On Friday, to celebrate Darwin Day, my husband and I attended a lunchtime lecture entitled “The Evolution Of Biodiversity: History or Science” at the North Carolina Botanical Garden.
There were snow flurries during the talk but by the time we walked to the car only the cold remained.
We did not take time to explore the garden that day, but as we hurried back to the parking lot, we admired the light on the grasses fronting the parking spaces.
Upon returning home I noticed a camellia on the side of the house was blooming. It has been too cold. How is that possible? Well, the days are lengthening and, before it turned cold this week, it actually had been very warm. Three flowers were open. Because of cold weather this camellia failed to bloom at all last winter. Tonight’s low is predicted to be 15°F. Who is feeling lucky?
I have been taking this winter one day at a time. Even so, winter is passing by quickly. In a couple of weeks a friend and I will travel to Virginia for the hellebore festival at Pine Knot Farms. Making plans around here in February is usually a sure-fire way to invite an ice storm into town, but definitely this year we are feeling lucky that we will make it.
Looking ahead, April is promising to be a great month. I already have tickets for some Art In Bloom events at the North Carolina Museum of Art early in the month. The Chapel Hill Garden Club’s biennial spring garden tour takes place the last weekend in April, featuring seven private gardens. I am already signed up to be a garden guide at one of the gardens for the spring tour.
And, not everything special is a garden event. Also in April our daughter is coming to visit from the west coast. March will be busy but I am feeling lucky.
Your Camellia is beautiful, a sign that spring can’t be far away now! Is that a witch hazel in your first photo?
It sounds as if you had a good day with your Darwin lecture and you have so many plans for the future organised – fantastic!
Thanks Pauline. I should have double-checked the name of that shrub but I believe it is a winterberry (Ilex verticillata). There are lots of red ones in this garden but I hadn’t noticed a yellow one before.
Sounds like a great plan. Hope that you are lucky.
Thanks. There are so many springtime events scheduled that compete with much-needed time in the garden.
It’s just as well February is a short month. If only the Spring months were longer!
Oh, I’d like that too.My garden is decidedly at its peak in spring.
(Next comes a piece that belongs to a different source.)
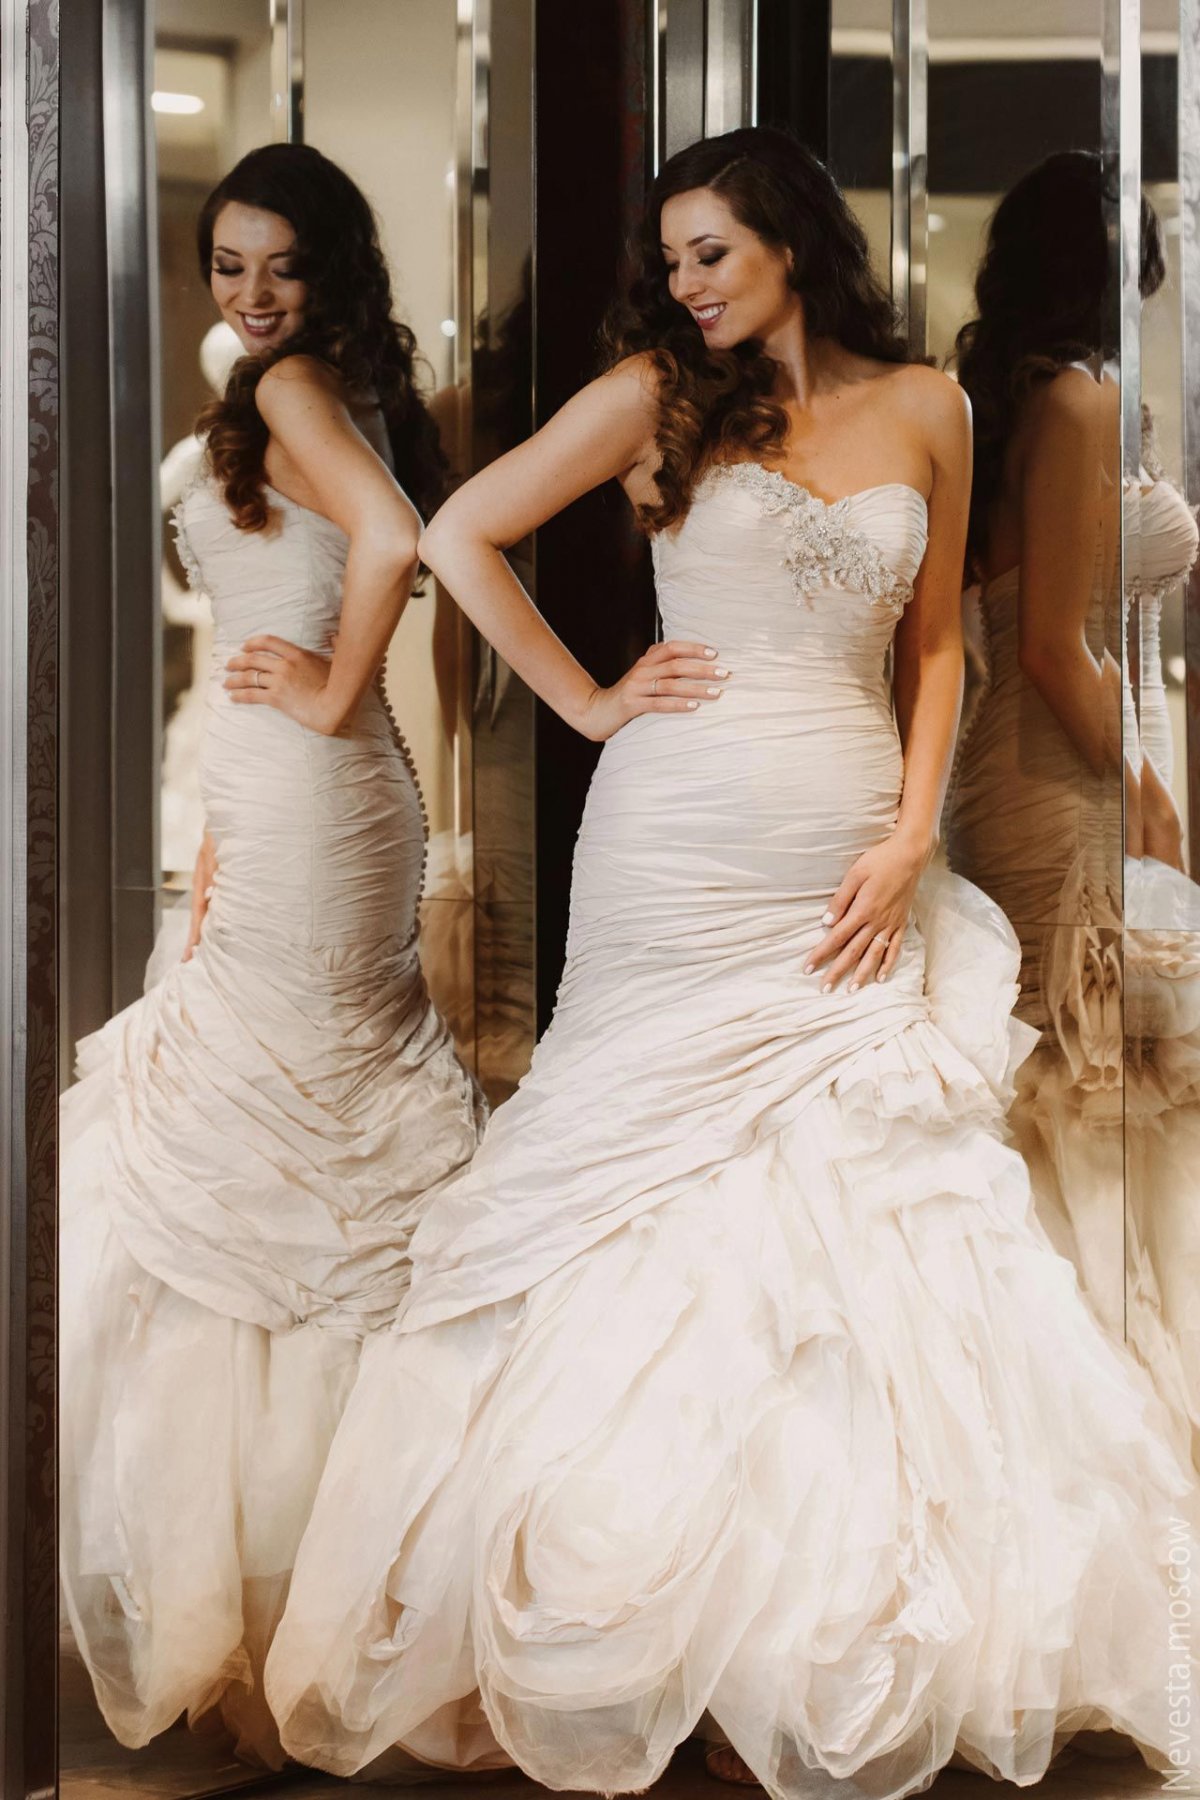 Рената Байкова примеряет свадебное платье фото 13

It is refreshing to read about someone who is counting their blessings.
I hope the weather stays kind for you.
Thank you Brian. It is nice to have a few plans to look forward to. The temperatures have been springing wildly up, then down, so it will be interesting to see what does well this spring. Have a good day.
Filling up the calendar is a sure way to hurry up the time passing. Have fun!
It would be nice to have more events taking place during Feb and March though. By April there are so many opportunities.
What a beautiful Camellia. A full schedule is the best way to get through winter. 😉 I will be glad when February is over… spring wants to come but now they are forecasting another cold spell here too.
I like this camellia very much. February is bringing us another snow storm tonight. Hope your find fun things to do until spring can make it.
Beautiful camellia! I’ve heard very good things about Pine Knot.
Looking forward to visiting Pine Knot. I’ve heard the owners speak at our local garden club and am excited to see their place.
You are lucky. I look forward to read your post about these places. Happy Valentine’s Day.
Thanks and Happy Valentine’s to you also! I will certainly post about these events. Looking forward to them.
I do wish we had some nice talks and distractions here to make winter go by faster…no luck. it is -20F and several days of snow now….too cold in fact to be outside more than 10 minutes without risking frostbite.
Wow Donna. -20F sounds ridiculously cold. We were at 15F last night and that’s way too cold for me. Snow is on the way tonight. Hope you can stay warm and busy until spring pulls us out of this.
You have a cheery outlook. 🙂 It amazes me that Camellias bloom in such conditions! They are such amazing plants and the flowers are dreamy. Wish I could grow one here. I tried growing one in a pot, but failed. So I will appreciate them virtually through blogs like yours. I also enjoy the beauty of light filtering through grasses.
The big fat camellia buds remaining on the bush are biding their time. It’s been in the 50s the past two days after all that ice on Monday, so there may be a few more blooms soon. I don’t have much shade so haven’t added more camellias (that have survived anyway). They are so tempting.
Darwin was such a clever guy, bet your talk was interesting. I’m reading ‘The 6th extinction’ right now which is a great book and helps me through winter. Lovely camellia, I was very happy with how my sasanqua performed this winter.
My husband is a big Darwin fan so we’ve attended these lectures the past 4-5 years. I think this was the 12th anniversary of the talks. This one was not particularly exciting, but we must show support.
Oh, I’m glad your sasanqua gave you pleasure Annette! Wonderful.
The camellia is just as beautiful in the garden, glad you were able to spare a few for the vase, I just wish there were a few hardy enough to make it up here!
Thanks. Camellias are ubiquitous around here, but I’m finding many are borderline hardy (zone 7b). The plant may survive but often the flowers are ruined. When they bloom thought they’re glorious.